DavidWarrenOnline
NEWSPAPER COLUMNS

COMMENTARY
May 30, 2009
Highway robbery
The figure of $1.4 million, for the amount of the taxpayers' money that will be spent on saving each job at General Motors and Chrysler, has now appeared in the media. I have no idea whether it is accurate; more fundamentally, no idea how anyone could arrive at a plausible final reckoning, at the bottom of a sheet of wildly expensive variables.

What began as a $4-billion bailout, and was defended at that level by a prime minister who wrote and reasoned so eloquently against corporate bailouts when he was running the National Citizens Coalition, has blossomed within weeks into a $13.5-billion bailout. But once again, the taxpayers who must cover this -- plus far more in compound interest, since the money must be borrowed -- have and will have no way of knowing the total.

Government bailouts are unlimited, more or less by definition. For were a government to say, "You may have $13.5 billion, but after you've blown that in, you're on your own," it might as well say, "You may have zero." Once the principle of fiscal accountability is abandoned, it is abandoned.

The political calculation is straightforward. The money is really going to save the seats of a few local MPs, at a cost of so many billion per seat for the next election. The joke is if they lose them anyway, we still have to pay.

Another joke is that if they spent a tiny fraction of those billions, in an equally conspicuous way, on "personal expenses," the MPs in question would be the political equivalent of dead meat. And yet, the benefit to the economy for each dollar spent would be about the same.

The assumption is that Canadians, generally, are too stupid to care about this spending, outside the immediate neighbourhoods of Oshawa, Brampton, Windsor. Or more precisely: too stupid to find a way to do something about it. And since there is no political party in Ottawa that would not have done exactly the same, under the same circumstances, this political calculation looks reasonably sound.

This is what we pay for not having a genuinely conservative party in Parliament. For even if such a party were not in power, its existence as an alternative would put pressure on the governing spendthrift party to watch out. Having a Conservative party that is really a liberal party leaves us no choice but to vote for the actual Liberal party, when we have scores to settle with them.

Or alternatively, we sit on our hands at the next election.

I should think that will be the reason Stephen Harper goes down: because a large and increasing number of basically conservative people think he has sold us out. And, unlike basically liberal people, we are prepared to let moral bankrupts fail, just as we were prepared to let such fiscal bankrupts fail, as General Motors and Chrysler.

Yet oddly enough, the Conservative party may not even learn from the experience. This is because basically conservative people are so utterly disenfranchised, not only among the political classes but in the courts, the schools, the bureaucracies, and the media, as to be invisible. Twelve thousand of us could assemble on the lawn of Parliament to make a point about, say, unrestricted abortion, and it would be hardly even reported. It follows that a Conservative government could go down, and not even know what hit it.

Very few Canadians make as much as GM and Chrysler workers, or have pension plans as generous. Many of us don't have pension plans at all, beyond the chump change offered by our Nanny State. The autoworkers' plan is around $2 billion in the hole. It goes without saying that at least $2 billion of the bailout will go, directly or indirectly, to rescuing it.

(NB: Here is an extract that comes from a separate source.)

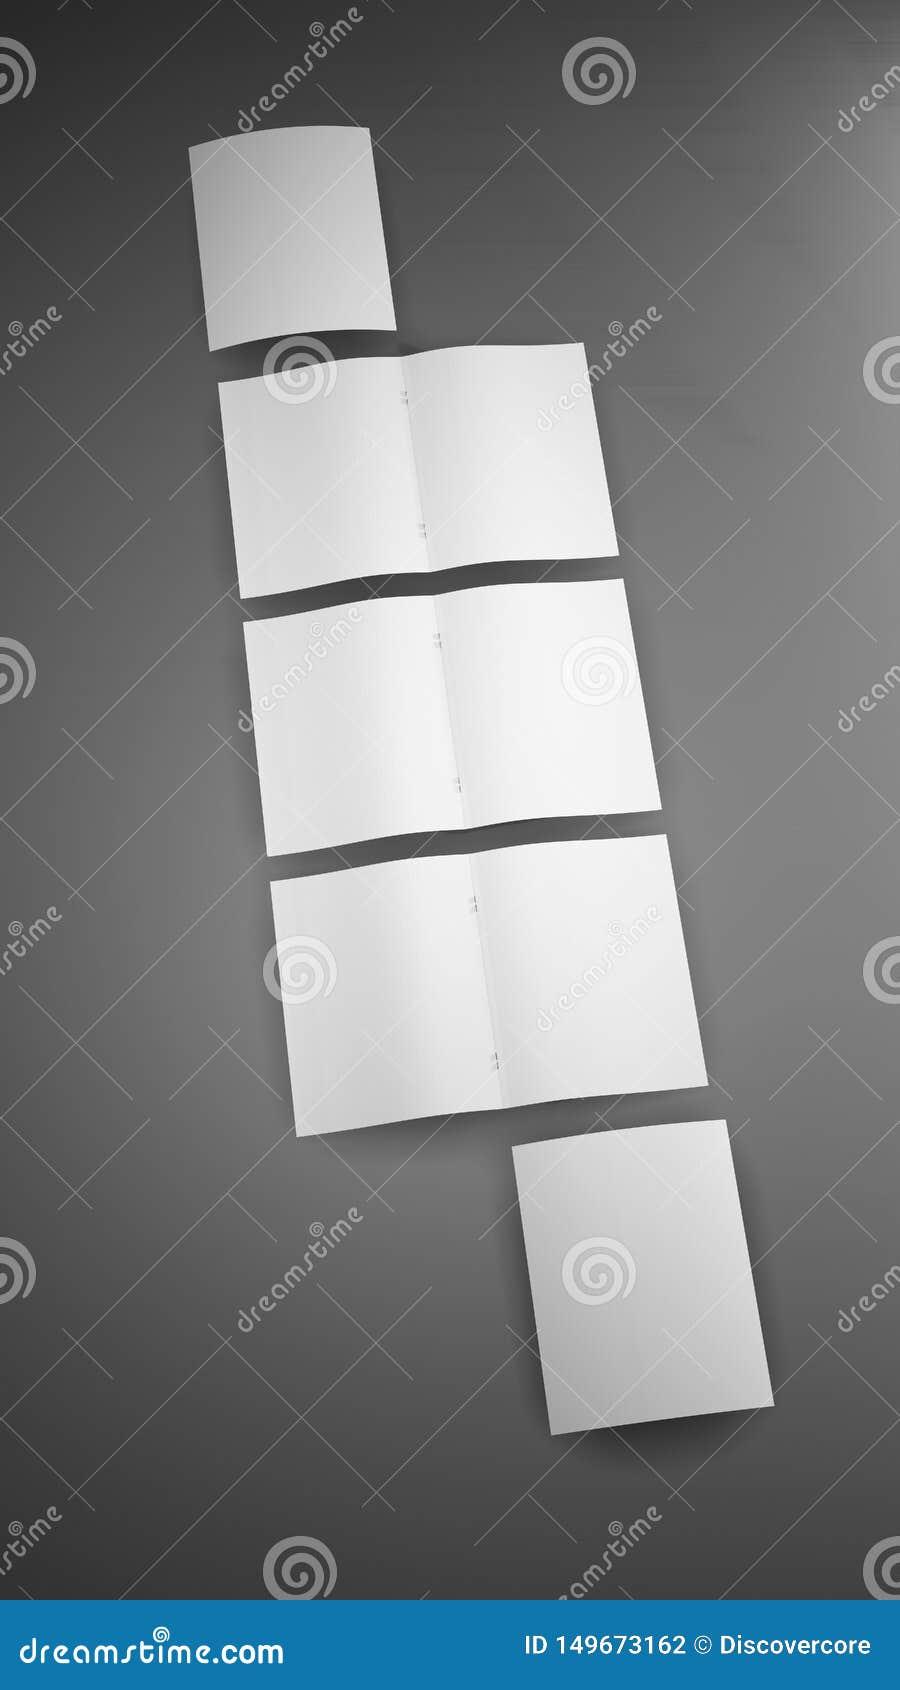 Plan-Modell-Schablone des Betäubungs-freien Raumes 8-seitige flache

That the government must deny this use of our money also goes without saying. But the plan will be rescued; and the person who thinks it will happen by a spontaneous miracle is naïve.

One of the proofs that Canadians are indeed rather stupid, is that we will stand for this sort of thing: that people who themselves face penury in old age, will agree to have their pockets picked to cover $70-an-hour auto-workers. And then actually vote at the next election for the politicians who robbed them. (For not all Canadians are basically conservative.)

Alas, until some conservatives take over the Conservative party, Canadians will be in no position to prove me wrong.